▶ [Supplied material]:
- - -

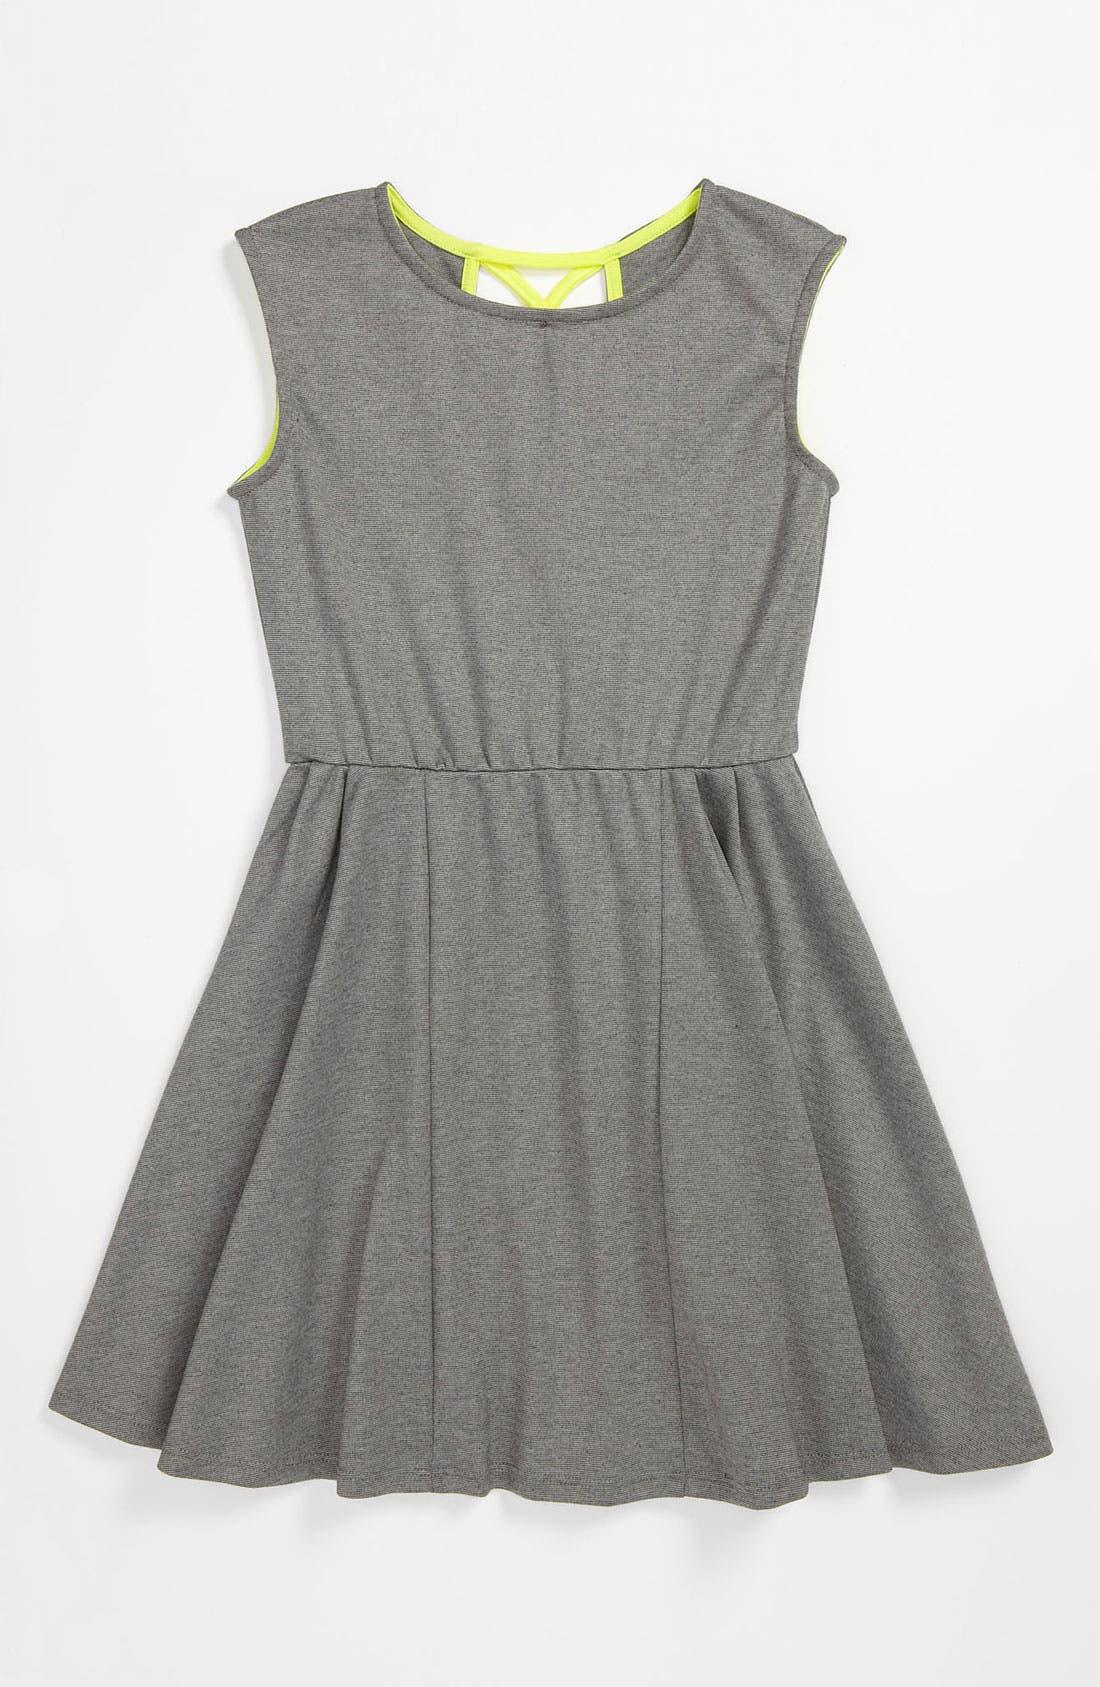 Alternate Image 1 Selected - W Girl Neon Trim Dress (Big Girls)
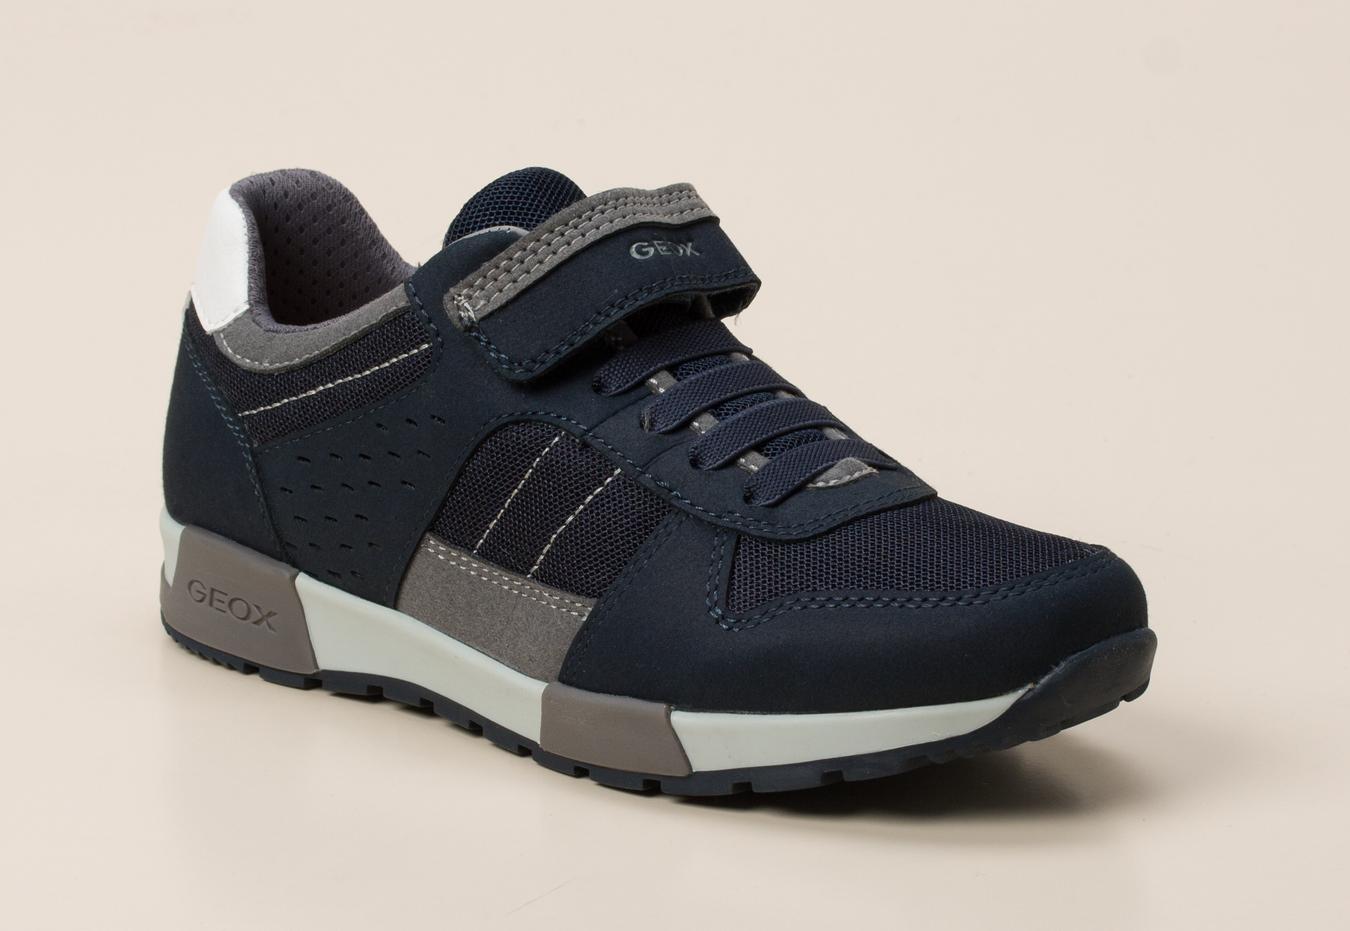 details for exquisite design best shoes Geox Kinder Sneaker in dunkelblau kaufen | Zumnorde Online-Shop
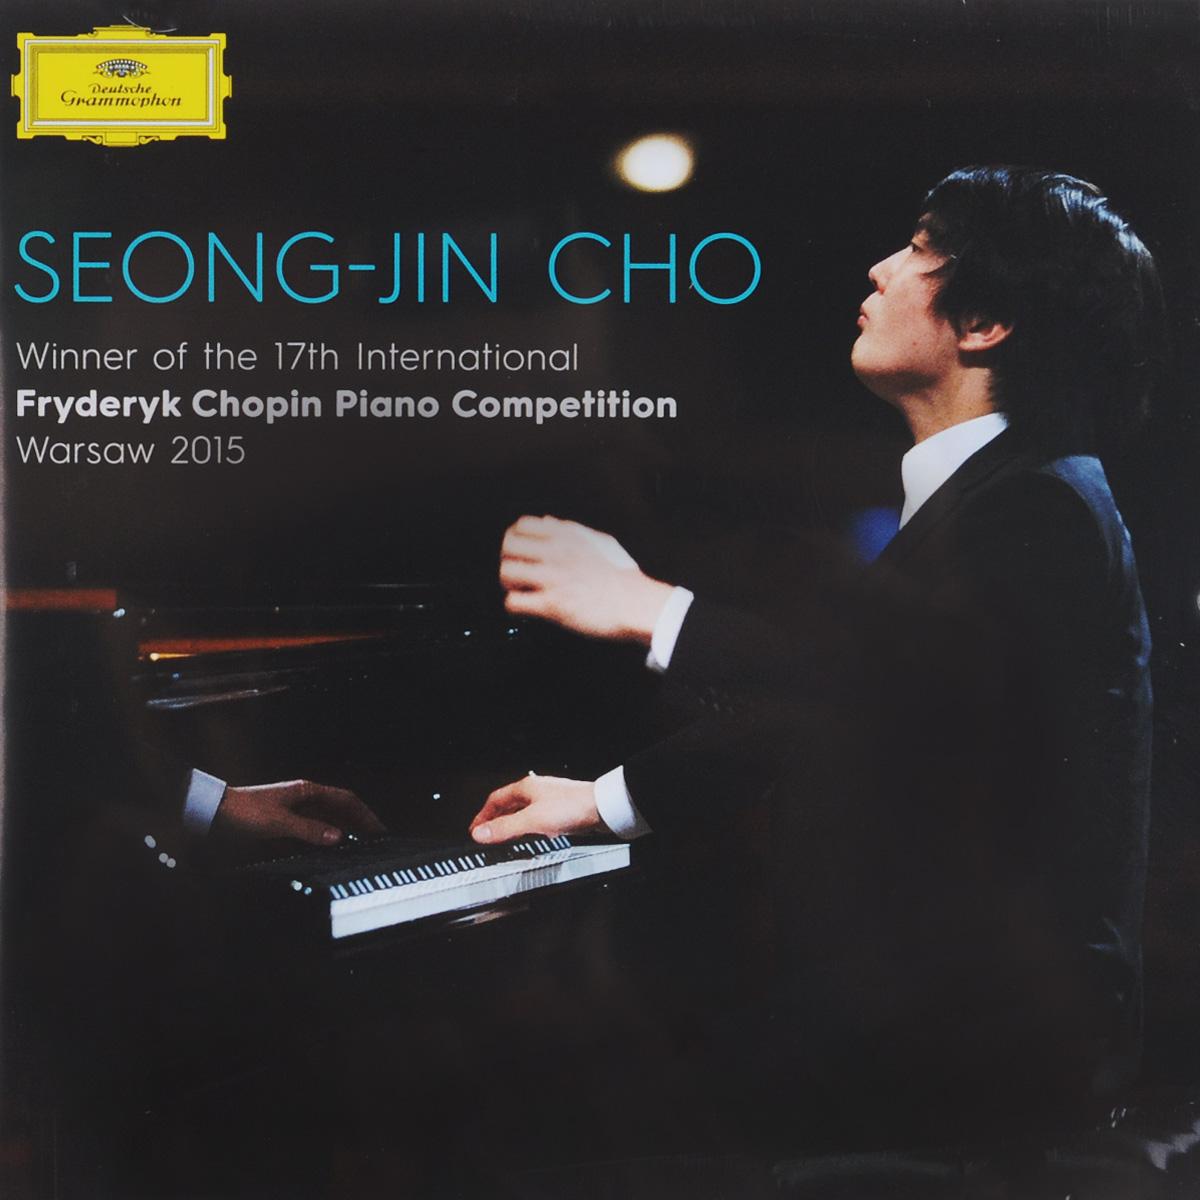 Сон Чжин Чо Seong-Jin Cho. Chopin. Winner of 17th International Chopin Piano Competition Warsaw 2015. Live chopin chopincho seong jin piano concerto no 1 ballades 2 lp
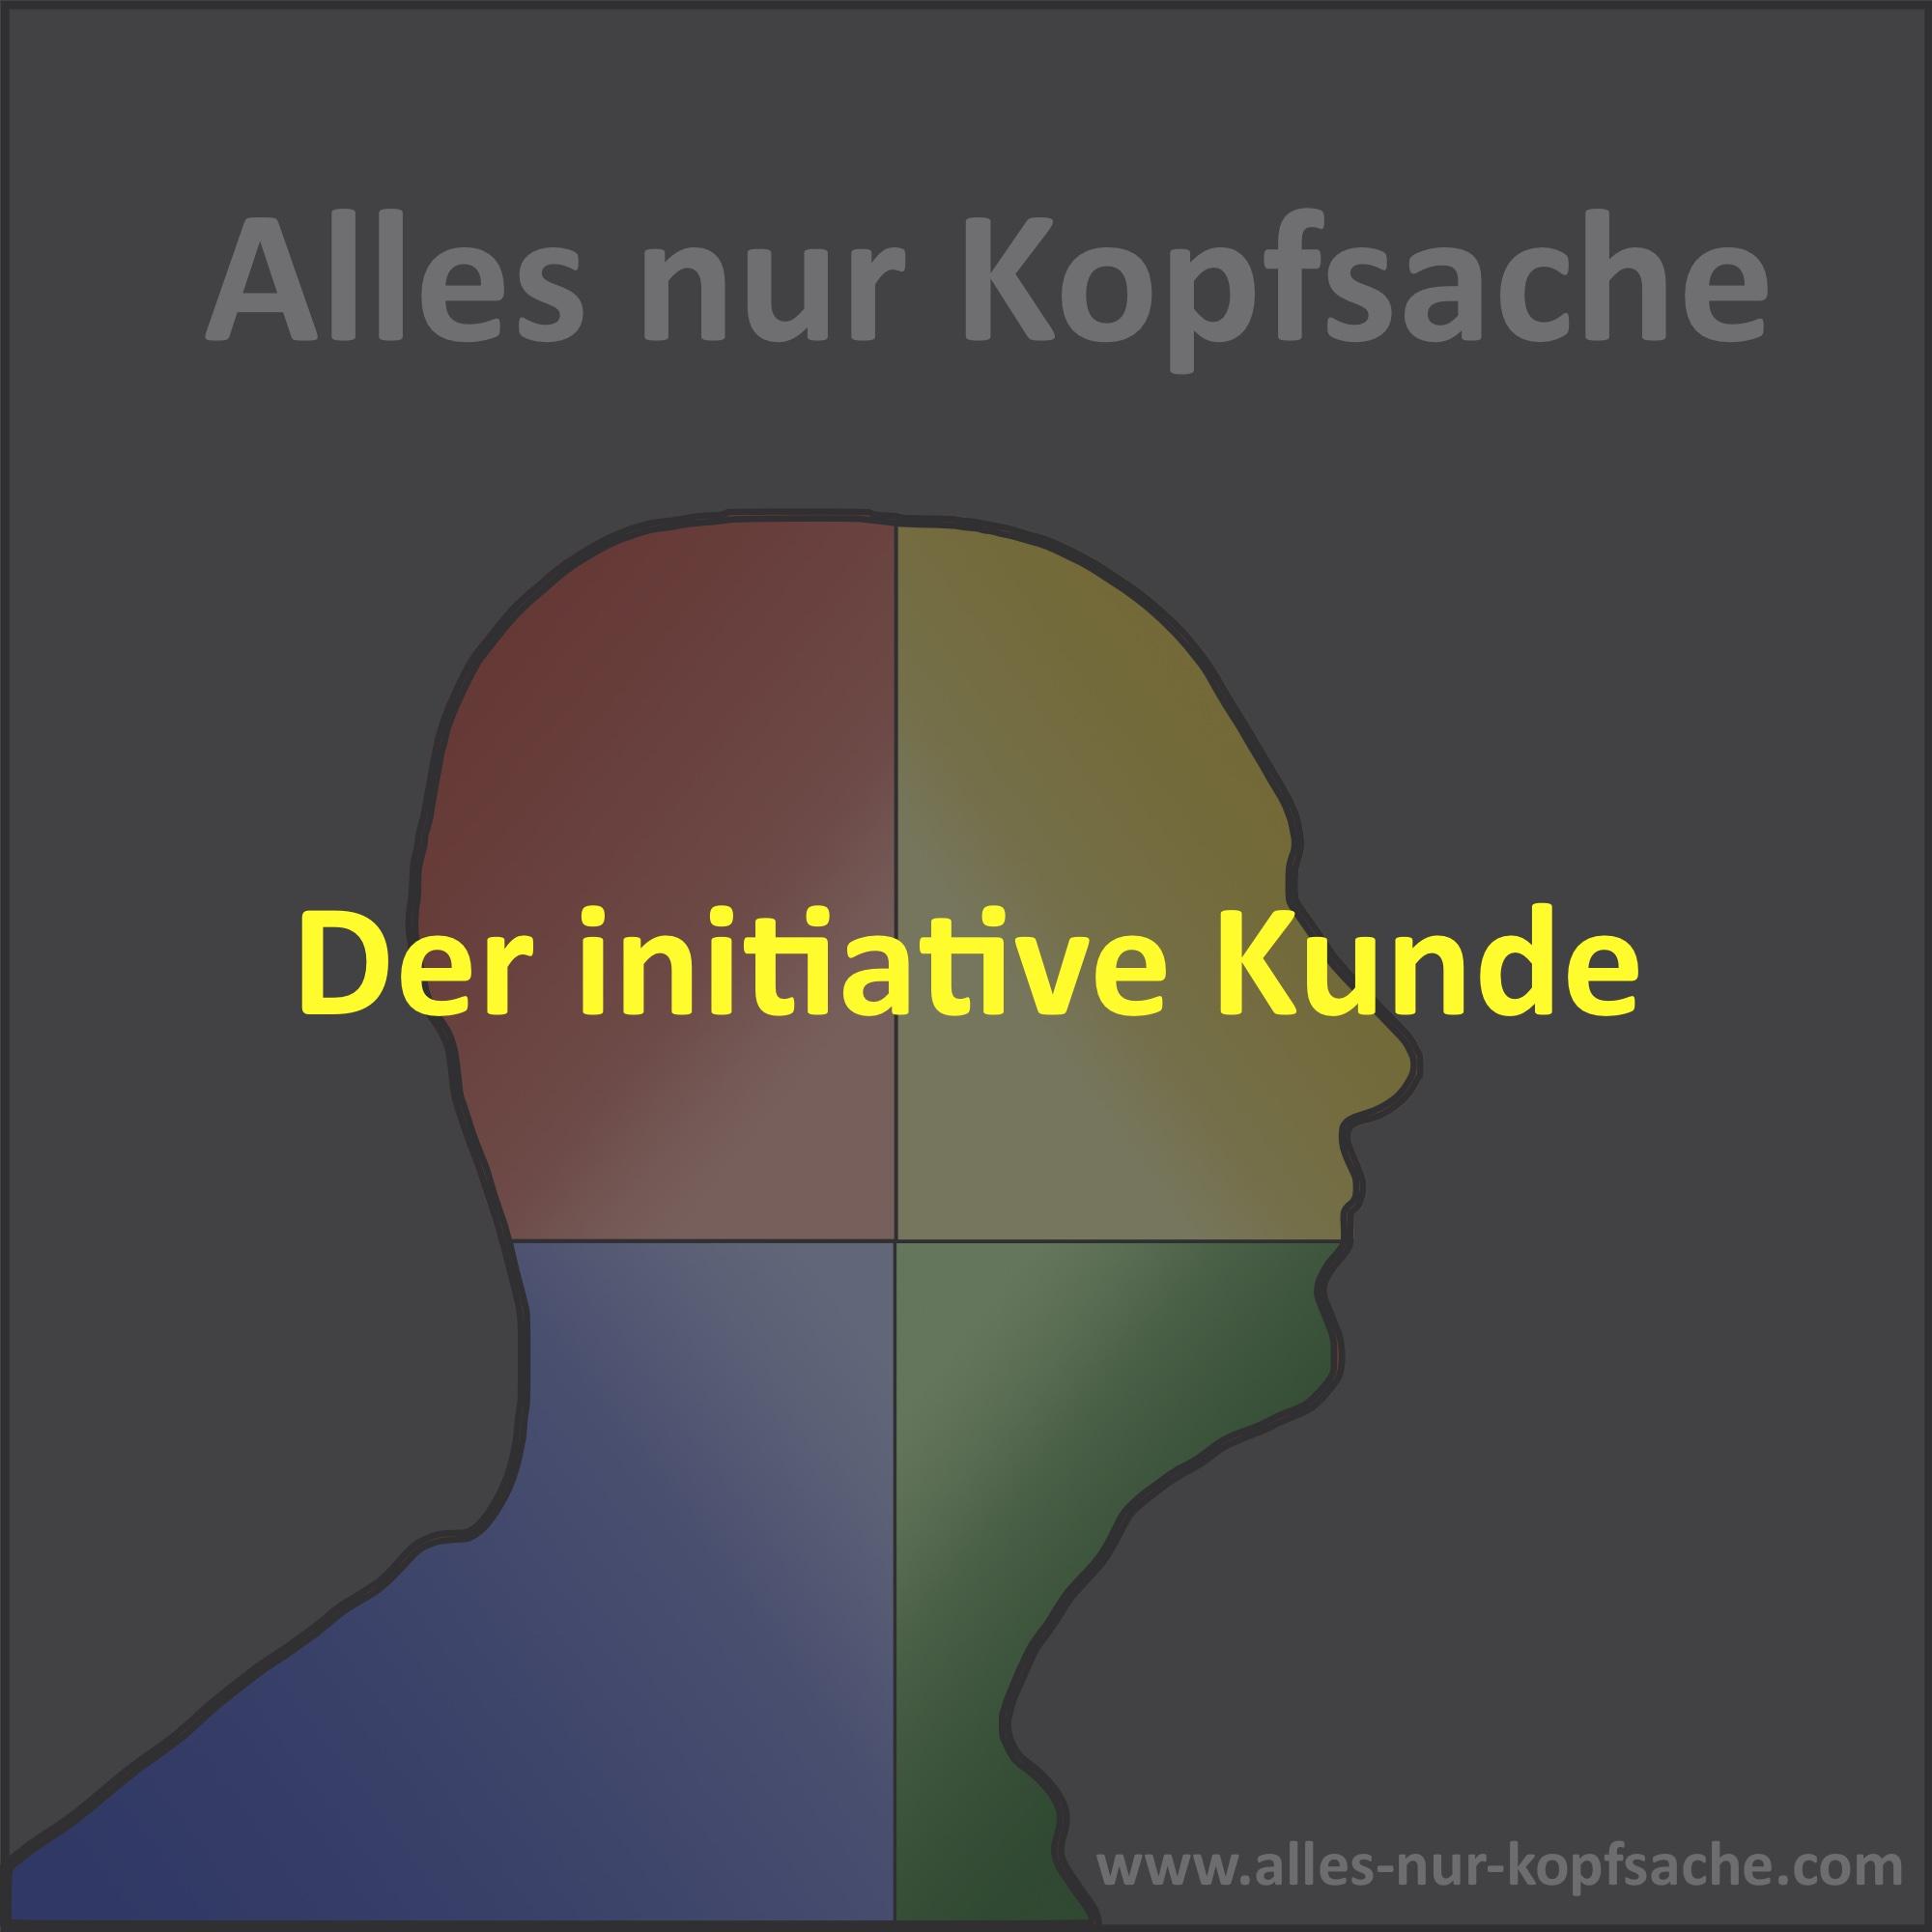 Der initiative Kunde

- - -

Begin at the line containing "Сон Чжин Чо" and stop at the last line of the data. Repeat only those lines, exactly, and leave out the pictures.

 Сон Чжин Чо Seong-Jin Cho. Chopin. Winner of 17th International Chopin Piano Competition Warsaw 2015. Live chopin chopincho seong jin piano concerto no 1 ballades 2 lp
 Der initiative Kunde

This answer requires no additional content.